The Story I’ll Tell My Grandchildren

I answered the phone to hear my mother say, “Everything is fine.”

I said the first thing that came to mind. “I hate when you start phone calls that way.”

The truth was, I knew everything was not fine because she had called me. It was a normal Wednesday where we were both at work, at our desks, at life. She had something weighty to relay that she couldn’t put into a text message.

The Story I'll Tell My Grandchildren

The Danger

My younger brother had been enjoying an extended Memorial Day weekend trip with his friends. That Wednesday morning, he had taken his first kayak ride in a nearby marsh river. Tired and dehydrated, he became separated from his group of friends. Having never navigated a kayak before, he struggled. They couldn’t get back to him. Eventually, they couldn’t even find him. The friends called 911.

The coast guard finally found my brother, passing out, unable to assist in his own rescue. They air-lifted him into a helicopter and headed for the hospital, where he gave them our mother’s number.

Driving Desperate

I started shaking on the phone with Mama as she told me she was headed to the hospital to get him. My co-workers gathered around me in a circle and prayed for him. Then I got into my truck and started driving. Out of the church parking lot where I work, onto the tree-lined asphalt beside the interstate that makes hearing the radio difficult because of the road noise.

I’ll admit I was driving mostly blindly, uncertain what to do. I wanted to call my mother back and hear the latest update–but what if I didn’t want to hear the latest update? I wanted to call my father, but he was on his way to meet my mother at the hospital. So was my grandmother. We were all on the road to…whatever came next.

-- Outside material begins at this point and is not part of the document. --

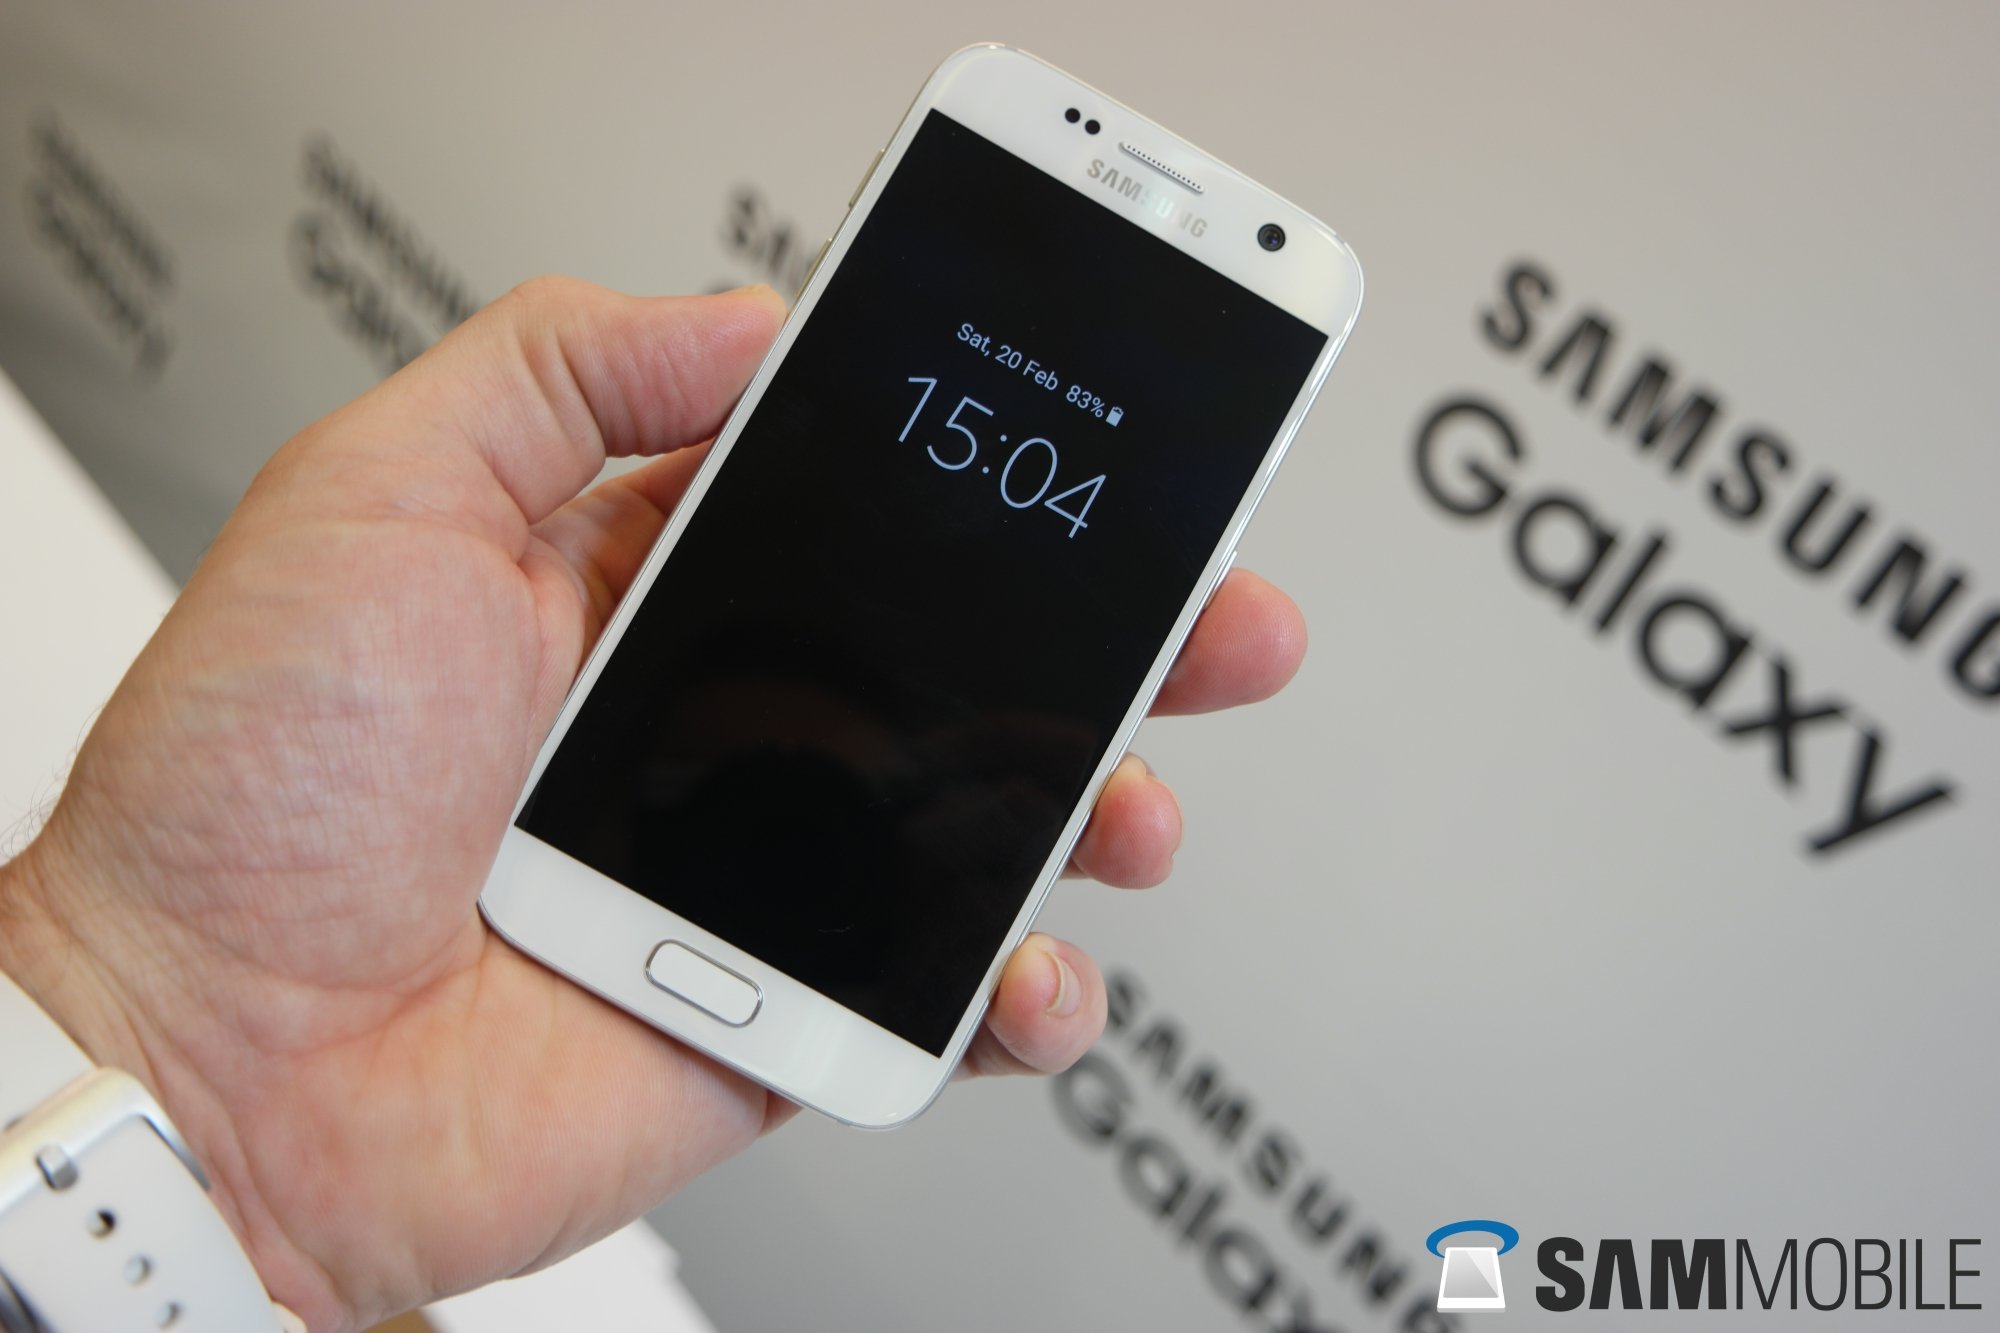 Kinderen kruipen Profetie Galaxy S7 mini rumored with Snapdragon 820 or Exynos 8890 processor -  SamMobile - SamMobile

Names rolled through my mind, people I could call, people whose reassuring voices and prayers I desperately wanted to hear. But I rationalized away each name, because they were at work or school and how would I tell them?

How He Came Through

I couldn’t get to anyone. And that’s when Jesus got to me.

Some song came on the radio about Christ being the only One who could stand up for me. I knew it, then: that I had only One Person to run to in that moment.

I didn’t have to run far, either. Just started talking to Him. I don’t think I stopped talking to Him over the course of the entire afternoon, as I waited for news of my brother’s condition, as I waited to see him, as I breathed a sigh of relief that he lived.

Later that day, he came home from the hospital, dehydrated and sick, with second-degree burns from having been out in the sun all day. He slept most of the afternoon, but he was fine. Fine. With a story he’ll no doubt tell his grandchildren one day.

As for me? This is the story I’ll tell my grandchildren. How when I had no one else to really turn to, Jesus met me as I drove my truck down North Main Street. How hours that felt like days passed with peace because He held me through them. How He came through for my brother and saved his life through heroes in a helicopter–and how He came through for my heart over and over that same day.